AVONEX® has also been evaluated in 290 patients with diseases other than multiple sclerosis, primarily chronic viral hepatitis B and C, in which the doses studied ranged from 15 mcg to 75 mcg, given SC, 3 times a week, for up to 6 months. Inflammation at the site of the subcutaneous injection was observed in 52% of treated patients in these studies. Subcutaneous injections were also associated with the following local reactions: injection site necrosis, injection site atrophy, injection site edema and injection site hemorrhage. None of the above was observed in the multiple sclerosis patients participating in Study 1. Injection site edema and injection site hemorrhage were observed in multiple sclerosis patients participating in Study 2.

Immunogenicity

As with all therapeutic proteins, there is a potential for immunogenicity. In recent studies assessing immunogenicity in multiple sclerosis patients administered AVONEX® for at least 1 year, 5% (21 of 390 patients) showed the presence of neutralizing antibodies at one or more times. The clinical significance of neutralizing antibodies to AVONEX® is unknown.

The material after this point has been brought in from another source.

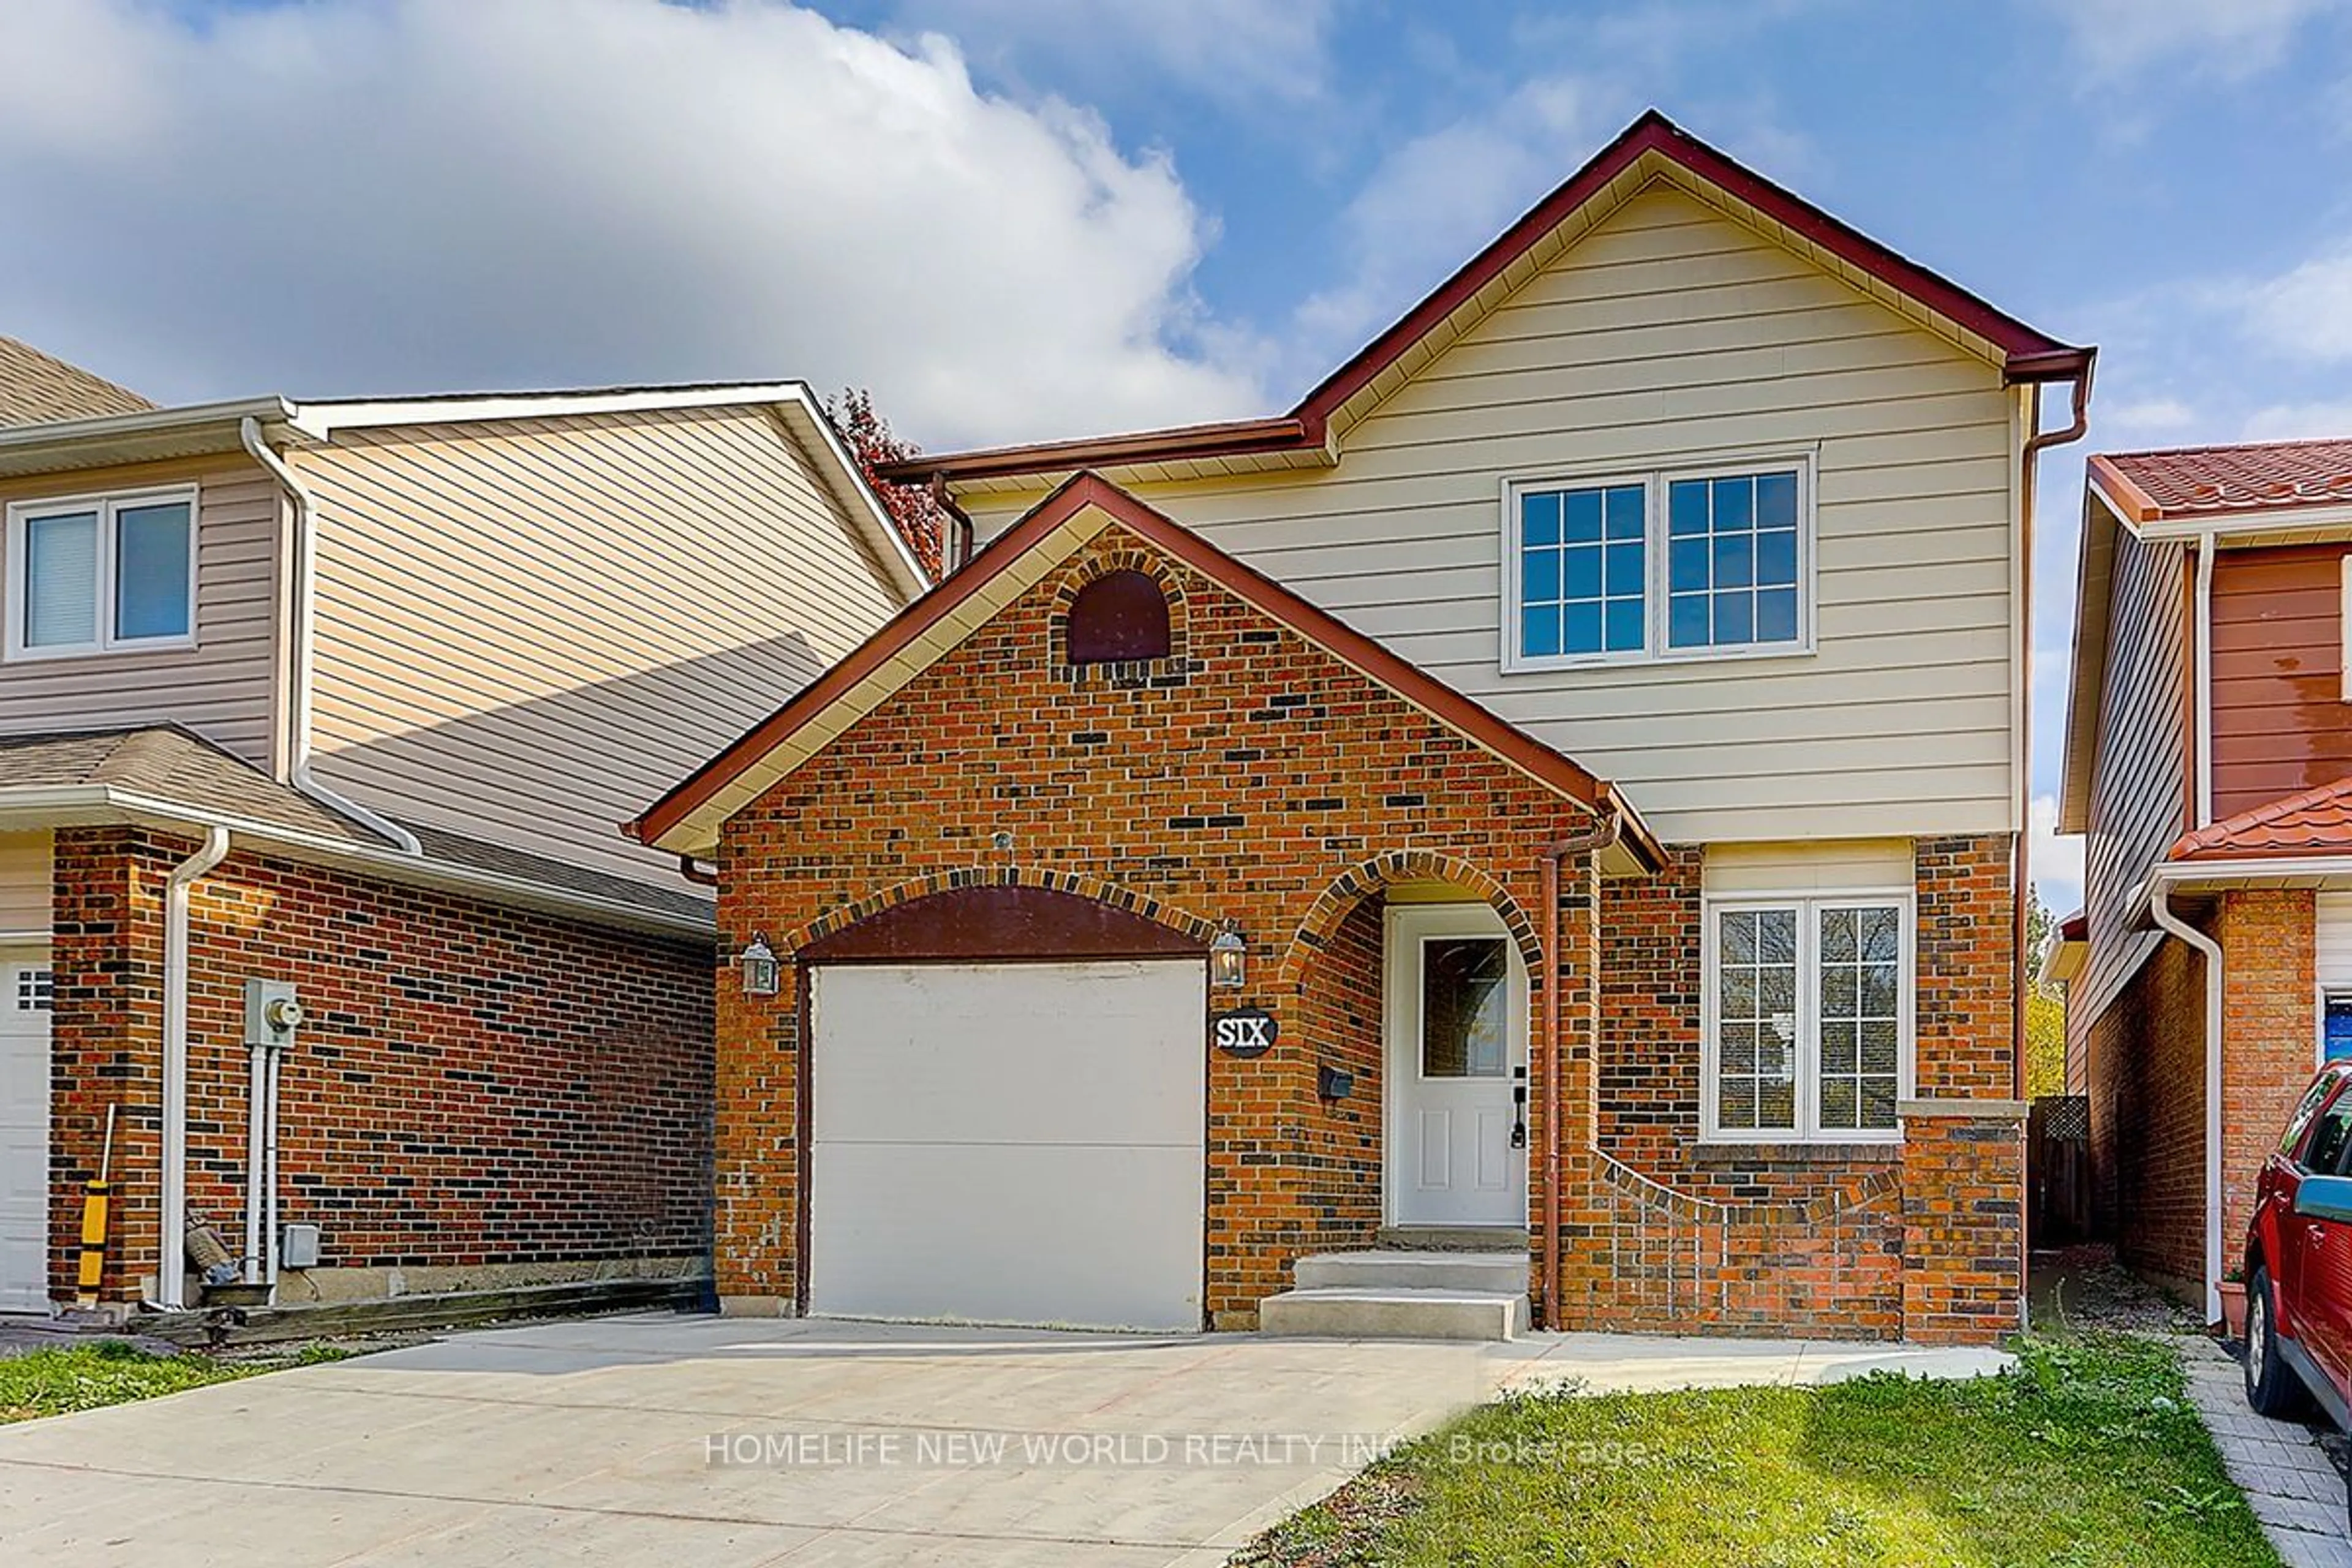 Home with brick exterior material for 6 Foxacre Row, Brampton Ontario L6V 3P5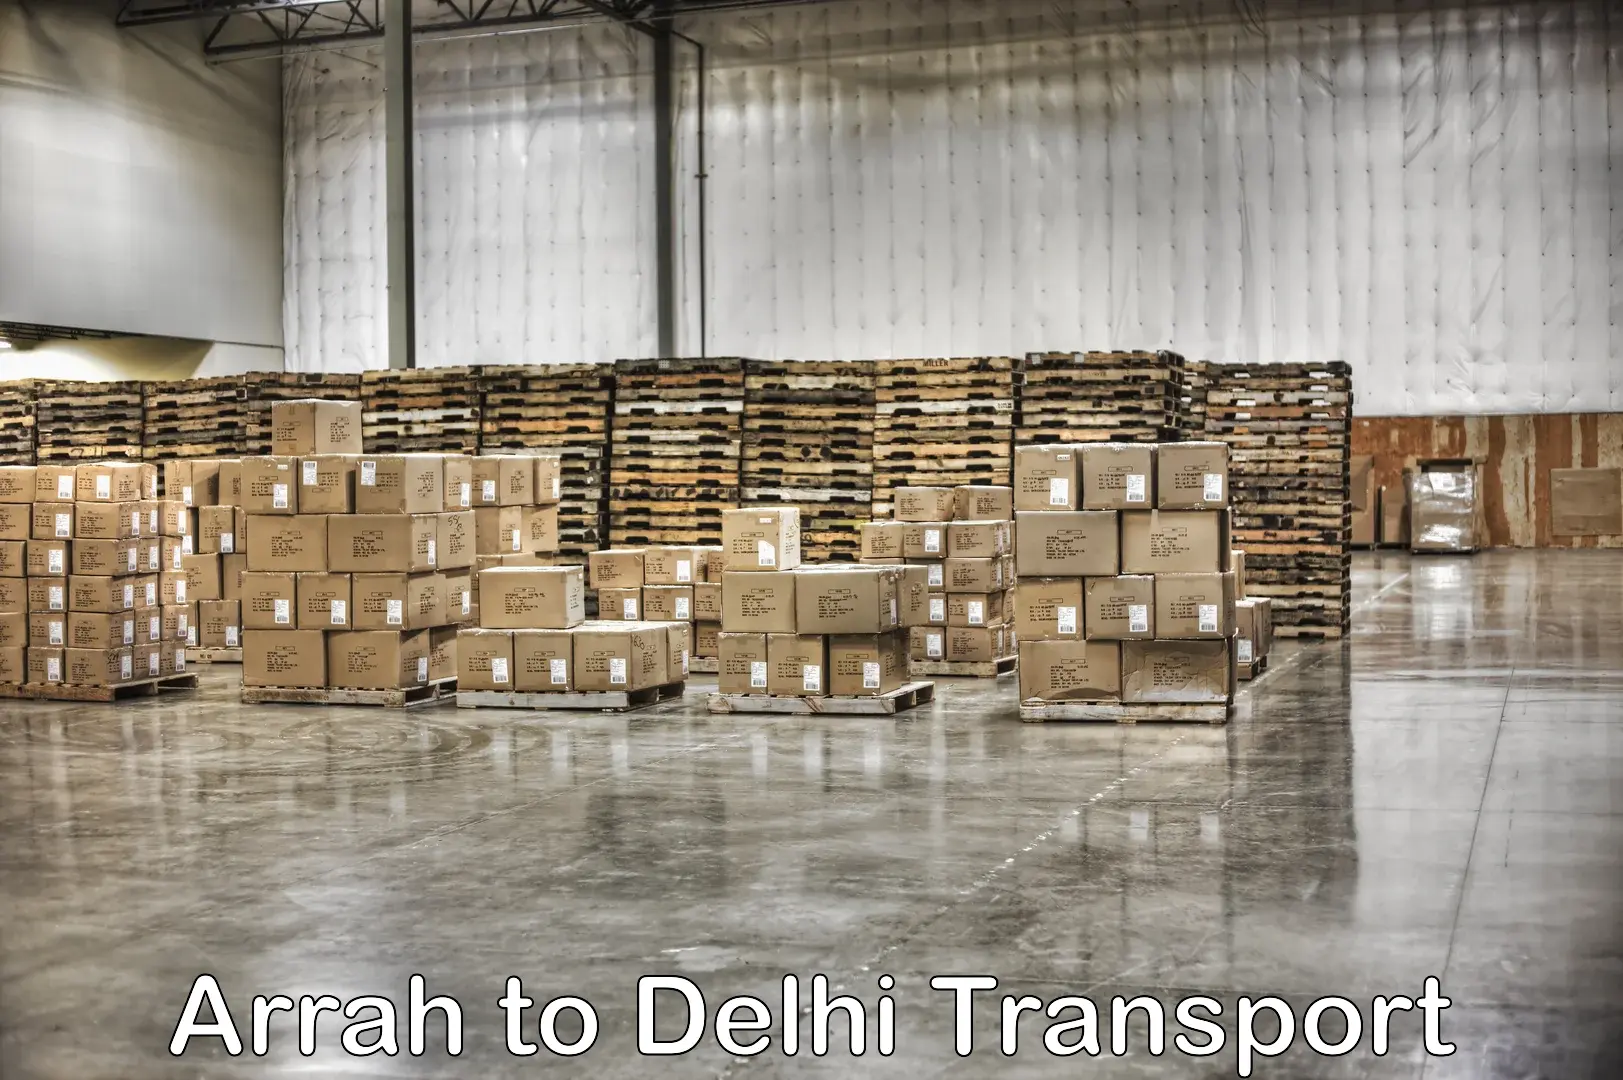 Pick up transport service Arrah to IIT Delhi

These data reflect the percentage of patients whose test results were considered positive for antibodies to AVONEX® using a two-tiered assay (ELISA binding assay followed by an antiviral cytopathic effect assay), and are highly dependent on the sensitivity and specificity of the assay. Additionally, the observed incidence of neutralizing activity in an assay may be influenced by several factors including sample handling, timing of sample collection, concomitant medications, and underlying disease. For these reasons, comparison of the incidence of antibodies to AVONEX® with the incidence of antibodies to other products may be misleading.

Anaphylaxis has been reported as a rare complication of AVONEX® use. Other allergic reactions have included dyspnea, orolingual edema, skin rash and urticaria (see WARNINGS: Anaphylaxis).

Drug Abuse And Dependence

There is no evidence that abuse or dependence occurs with AVONEX® therapy. However, the risk of dependence has not been systematically evaluated.